Elevators have become operator-less, most aircraft operations are computer-assisted, and cars, buses and trucks will become autonomous also. Driving as a profession may even become extinct. In developed nations, most long-distance trains still have drivers; however, airport shuttles and short-distance freight trains are usually driverless nowadays.
We must recognize that advances in machine learning and big data, new sensor technologies, and onboard computers with lots of processing power enable autonomous vehicles to make decisions faster than humans. Most vehicles now have redundant navigation capability to guard against a single failure mode.
Here is another economic argument for driverless cars. When we buy a vehicle for personal use, it stays parked 95% of the time — a significant investment that remains underutilized. So, there are now discussions about changing the ownership model. If there is a way to have on-demand access to reliable and fast driverless vehicles, there is no reason to buy a traditional car and keep it idle most of the time. There will be no time wasted finding parking after reaching the destination. The car can drop the passenger and move on to the next one.
A few decades ago, philosophers conceived the ‘Trolley Problem.’ We are here going to present it as a driving scenario. Suppose you are driving a car extremely fast and realize the brakes are not working. Looking ahead, you see that 5 people are crossing the road, and a collision will be fatal for them. On your right side is an old man standing, and if you steer the car in that direction, the man will die, but those 5 pedestrians will survive. Also, there is a wall on your left and crashing into that wall will surely save all of them except you. Now the question is which way you should decide.
The problem might appear overly dramatic but not improbable. We want to understand the implication of each decision and solve this problem now. Because, in an autonomous vehicle, you will not make the decision. The onboard computer or the programmer writing the software needs to know the ‘right’ decision. And ‘right’ is questionable here since we are dealing with moral philosophy.
As computers are fast and accurate at computing things, they are usually programmed to solve this type of problem using laws of probability. It tries to compute a decision tree with an estimated loss for each node and then opts for the node that minimizes the loss. It may find out that running over the old man minimizes loss and attempts to do that. Some benevolent programmers might decide to kill the driver but none of the pedestrians. It all sounds very utilitarian in principle, but you will probably not buy such a car.
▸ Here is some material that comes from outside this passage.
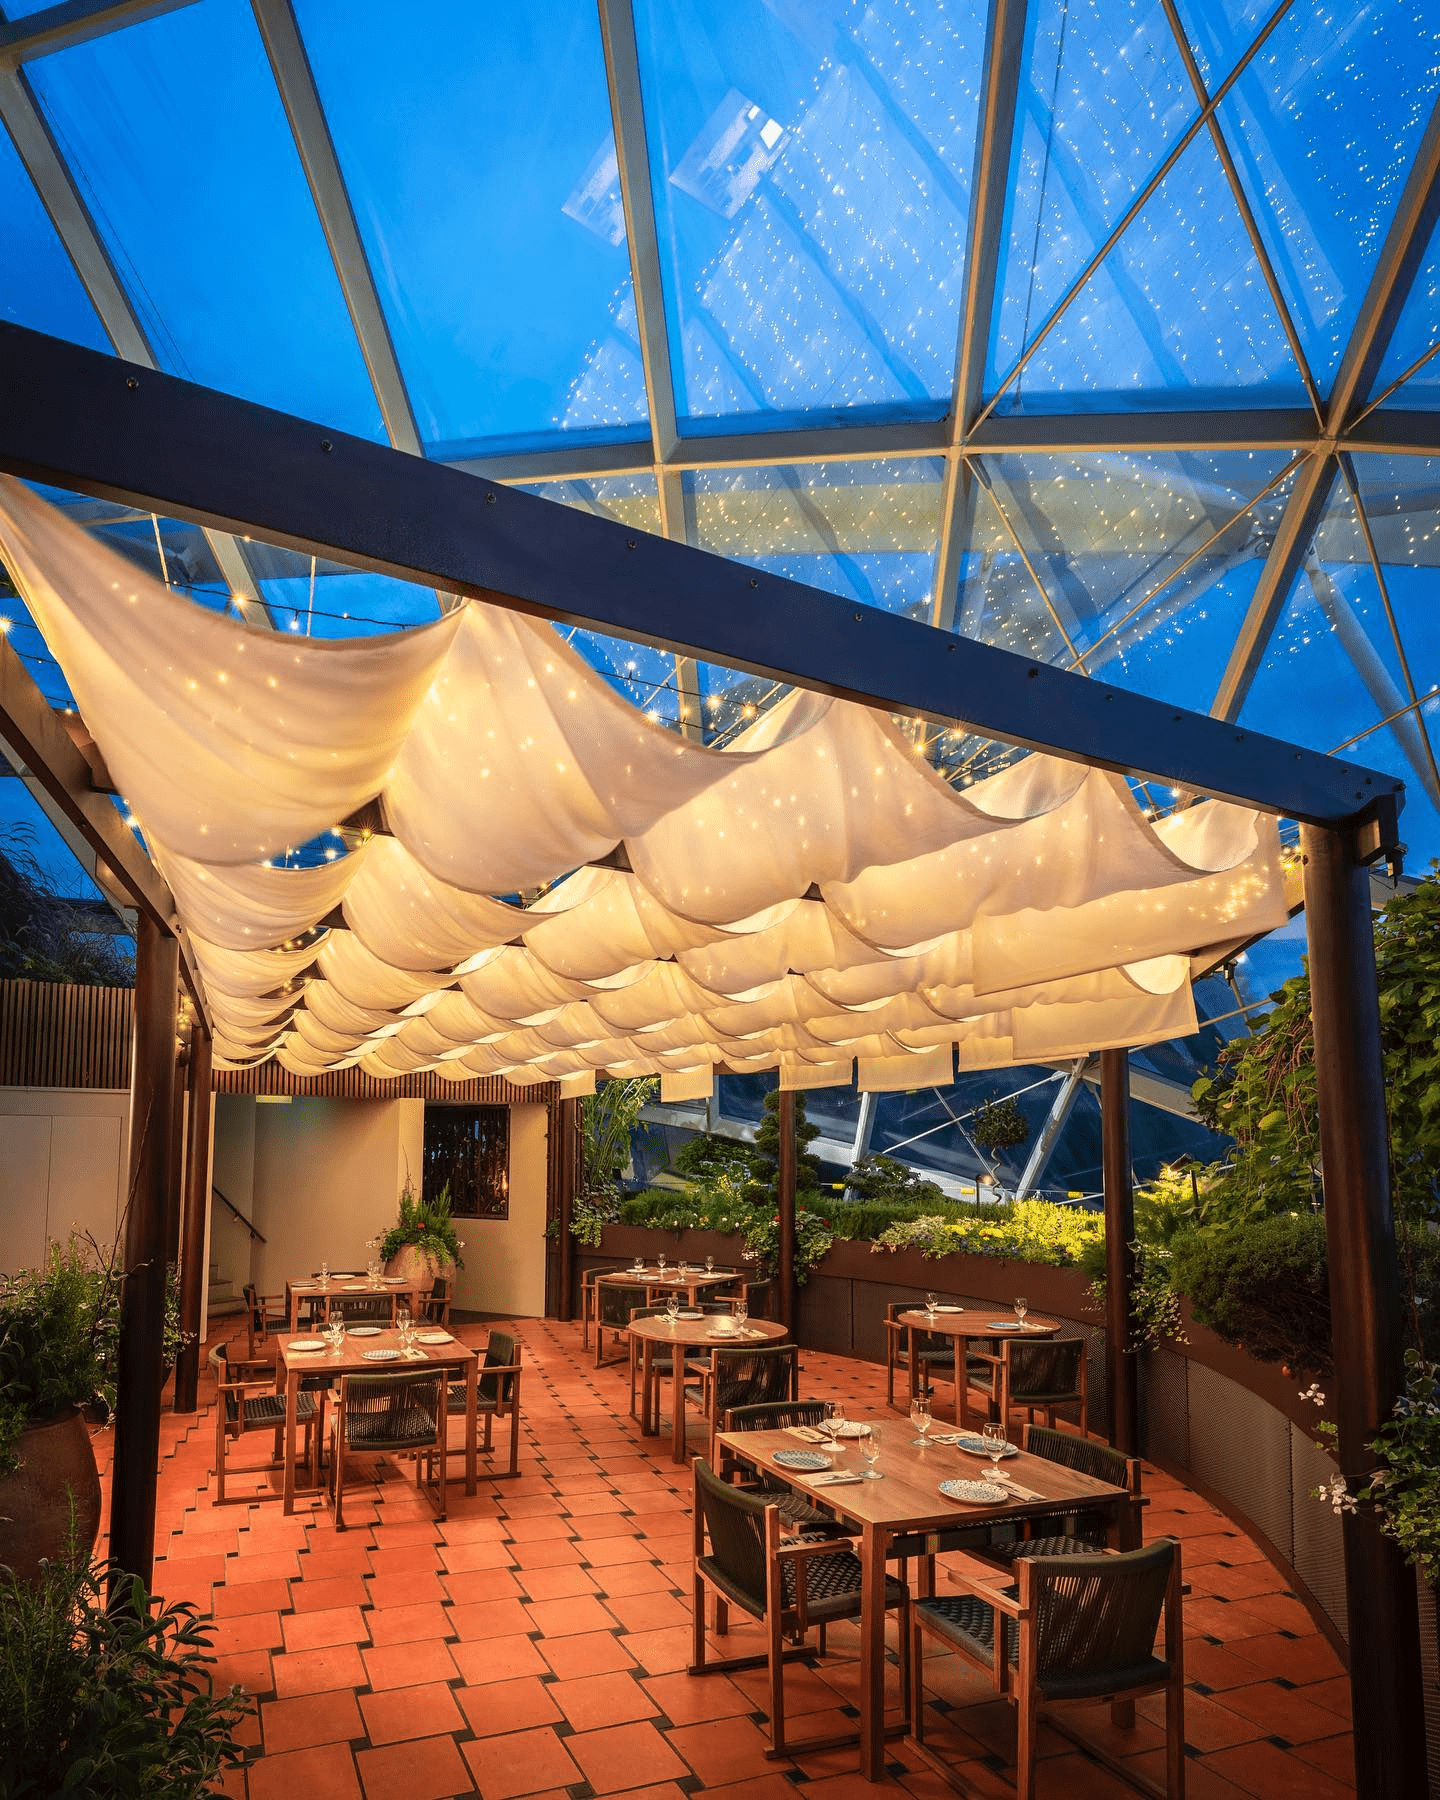 Glass house cafes - Hortus at night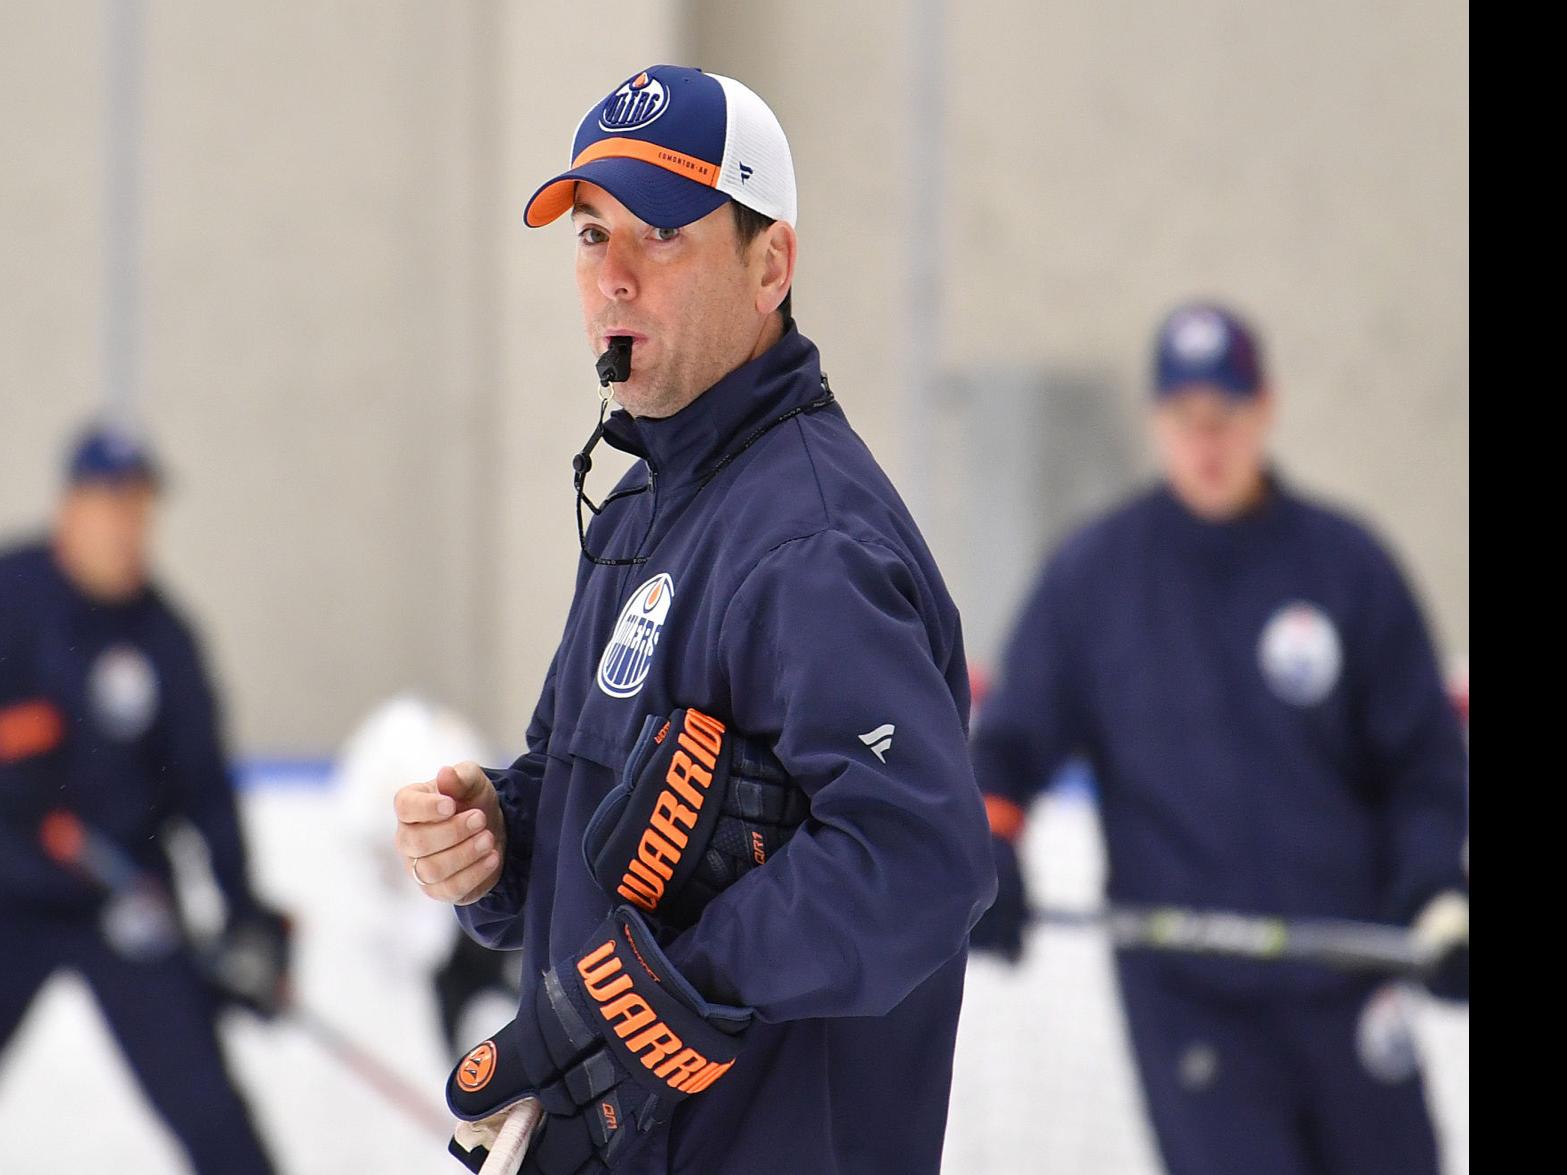 Komets legend Chaulk takes over as head coach of AHL's Bakersfield

The odds of a trolley problem scenario are extremely low, particularly when all vehicles will be driverless. There is no point in letting so many lives be lost in fatal vehicle accidents just because of this remote possibility of ending up in a trolley problem. Stories portrayed in science fiction and movies swayed some people’s opinions against computers and robots with decision-making abilities. But like COVID vaccines, the rewards outweigh the risks for autonomous vehicles.
Commercial trucking is expensive in the United States due to high driver wages and regulations on how long a driver can operate without a break. This incentivized some companies to invest in autonomous trucking. It will probably take a strike from truck drivers like elevator operators in New York to show people that autonomous trucking is safer and cheaper than human truck drivers. There are about two million professional drivers in the United States, and all these jobs may be lost. But, making and maintaining these fleets of autonomous vehicles, there will be a huge need for programmers, engineers and a variety of new professions which do not even exist today. There is no way to ignore the economic importance of this future possibility.